Detectable singularities from dynamic Radon data
Bernadette N. Hahn, Eric Todd Quinto

TL;DR
This paper uses microlocal analysis to determine which singularities of a moving object are detectable in dynamic X-ray tomography data, revealing limitations and possibilities in reconstructing changing objects.
Contribution
It provides a microlocal characterization of detectable and added singularities in dynamic Radon data, advancing understanding of what features can be reconstructed.
Findings
Not all singularities are detectable due to motion.
Some singularities may be masked or added by the dynamic process.
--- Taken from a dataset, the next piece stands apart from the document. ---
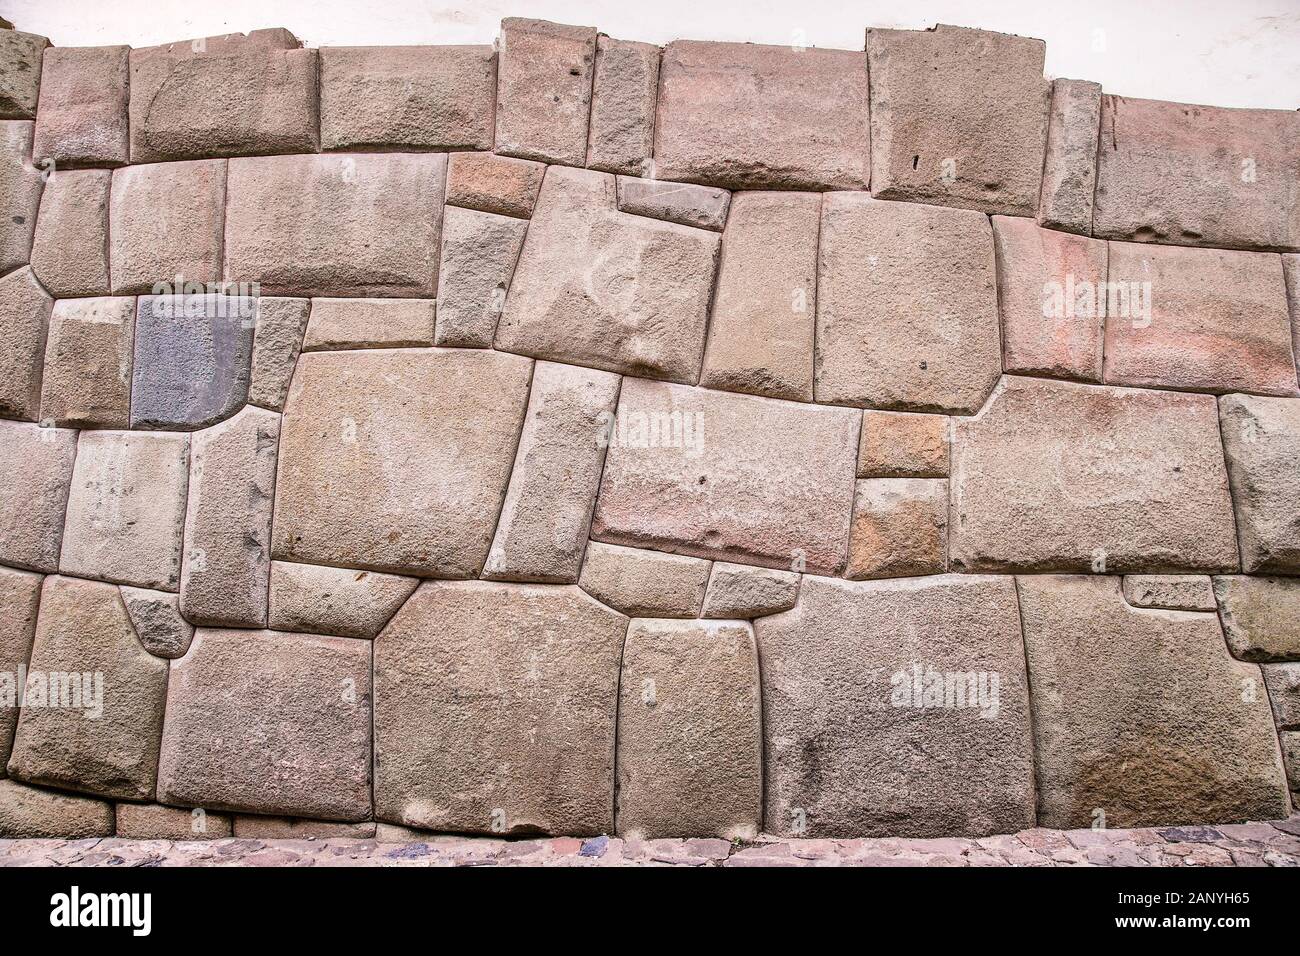 Incredible Inca Wall on Hatun Rumiyoc Street, Famous Ancient Street in Cusco, Peru, South America, Archaeological site. Stock Photo

Numerical examples illustrate the microlocal analysis results.
Abstract
In this paper, we use microlocal analysis to understand what X-ray tomographic data acquisition does to singularities of an object which changes during the measuring process. Depending on the motion model, we study which singularities are detected by the measured data. In particular, this analysis shows that, due to the dynamic behavior, not all singularities might be detected, even if the radiation source performs a complete turn around the object. Thus, they cannot be expected to be (stably) visible in any reconstruction. On the other hand, singularities could be added (or masked) as well. To understand this precisely, we provide a characterization of visible and added singularities by analyzing the microlocal properties of the forward and reconstruction operators. We illustrate the characterization using numerical examples.